The source code is available on GitHub, and AlphaFold3 depends on roughly 630 GB of disk space to keep genetic databases for querying (SSD storage is recommended).

In addition, AlphaFold3 requires an NVIDIA GPU with Compute Capability 8.0 or greater. GPUs with more memory can predict larger protein structures. It is recommended to have at least 64 GB of RAM.

  • The code is licensed under CC-BY-NC-SA 4.0; the AlphaFold3 model parameters and output are only available for non-commercial use only. You must not use nor allow others to use:

    • AlphaFold3 model parameters or output for any commercial activities

    • AlphaFold3 output to train machine learning models or releated technology

  • Do not publish or share AlphaFold3 model parameters – have your users fill out this form to obtain the model parameters

  • Installation instructions are here

  • Input is one or more JSON files

  • The pipeline runs MSA (multiple sequence alignment) and template search (data pipeline, can run on CPU), then neural-network inference (requires GPU) to produce predicted structures (e.g. PDB, CIF, confidence scores). The data pipeline and inference steps can be run separately using --norun_inference and --norun_data_pipeline flags.

Why it’s relevant

For HPC clusters that serve structural biology or biochemistry users, AlphaFold3 is often requested for:

  • Multi-molecule structure prediction — Unlike AlphaFold2 (proteins only), AlphaFold3 predicts structures of proteins, nucleic acids (DNA/RNA), small molecules, ions, and post-translational modifications in complexes.
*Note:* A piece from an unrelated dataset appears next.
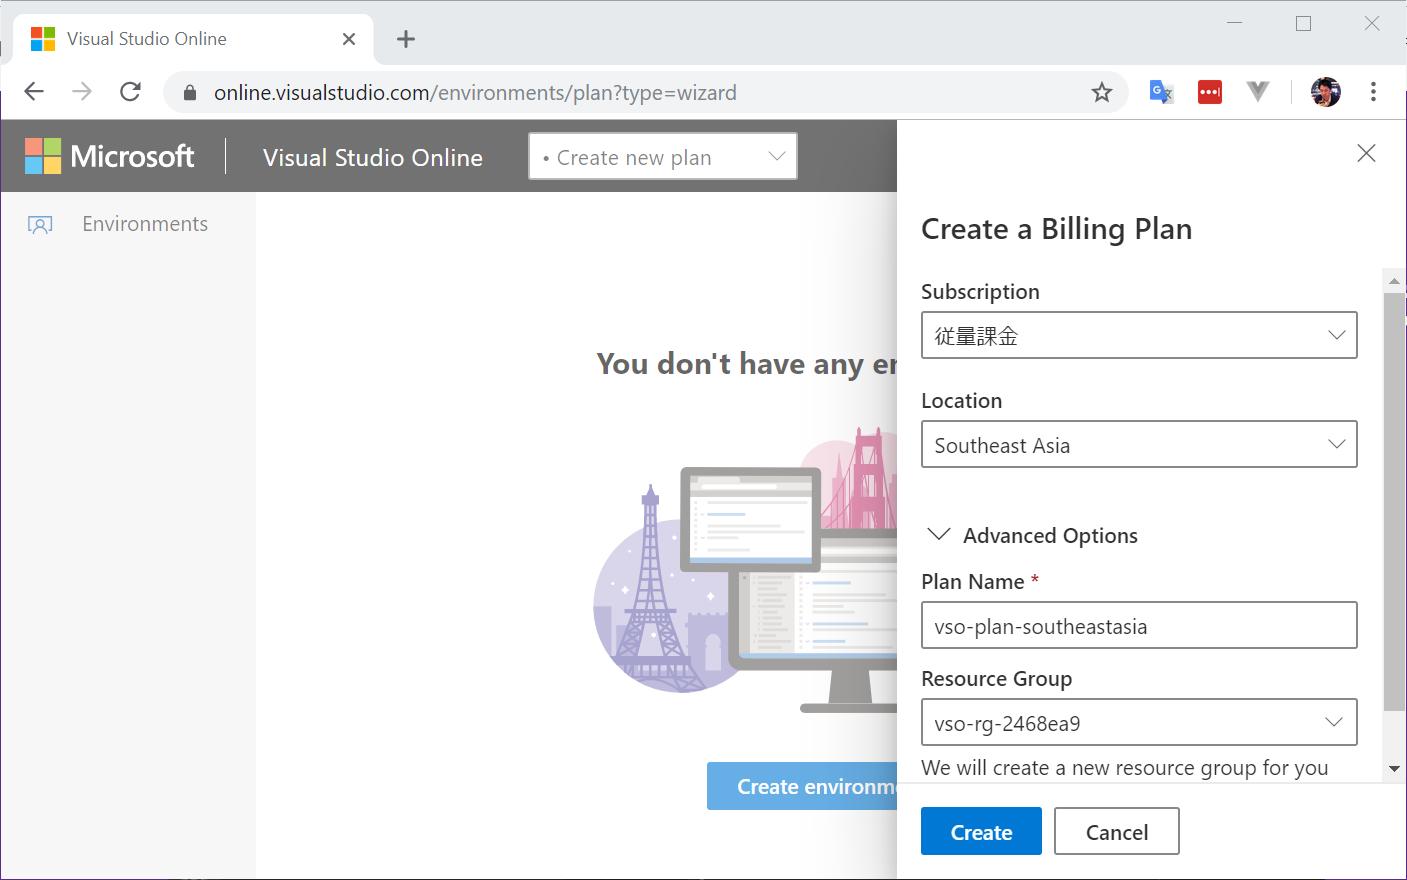 Visual Studio Online - Google Chrome 2019-11-05 10.02.28.png

This enables modeling of protein–DNA, protein–RNA, protein–ligand, and other multi-component systems.

  • Improved protein structure accuracy — AlphaFold3 represents a significant improvement over AlphaFold2 for protein structure prediction, making it preferred for new projects when available.

  • Complex interaction modeling — Predicts how different molecule types interact (e.g. transcription factors with DNA, enzymes with cofactors or substrates, ribonucleoprotein complexes).

  • Hypothesis generation — Before wet-lab experiments or as part of integrative modeling pipelines, particularly for systems involving multiple molecule types.

Key differences from AlphaFold2:

  • Input format: JSON files (not FASTA) that can specify multiple molecule types and their relationships.

  • Scope: Handles nucleic acids, small molecules, ions, and PTMs in addition to proteins.

  • Accuracy: Improved protein structure prediction compared to AlphaFold2.

  • Licensing: Non-commercial use only (CC-BY-NC-SA 4.0); model parameters must be requested separately and cannot be redistributed.

Supporting AlphaFold3 means providing a container or module environment, access to reference databases, clear guidance on GPU partitions and walltime, and clear guidelines regarding licensing restrictions and the model-parameter request process (users must obtain parameters from Google).

Why this matters for HPC admins

The following points are drawn from the official AlphaFold3 installation section and related documentation.

  1. Operating system:

    AlphaFold3 runs on Linux only; other operating systems are not supported.

  2. Disk space:

    Full installation requires up to 1 TB of disk space to hold genetic databases.

    • Download size: Approximately 252 GB for the full databases.

    • Unzipped size: Approximately 630 GB when decompressed.

    • SSD storage is recommended for better genetic search performance.

    • The download directory should not be a subdirectory of the AlphaFold3 repository directory (to avoid slow Docker builds).

  3. GPU:

    • An NVIDIA GPU with Compute Capability 8.0 or greater is required (e.g. A100, H100). GPUs with more memory can predict larger structures.

    • Verified: Inputs with up to 5,120 tokens can fit on a single NVIDIA A100 80 GB or a single NVIDIA H100 80 GB.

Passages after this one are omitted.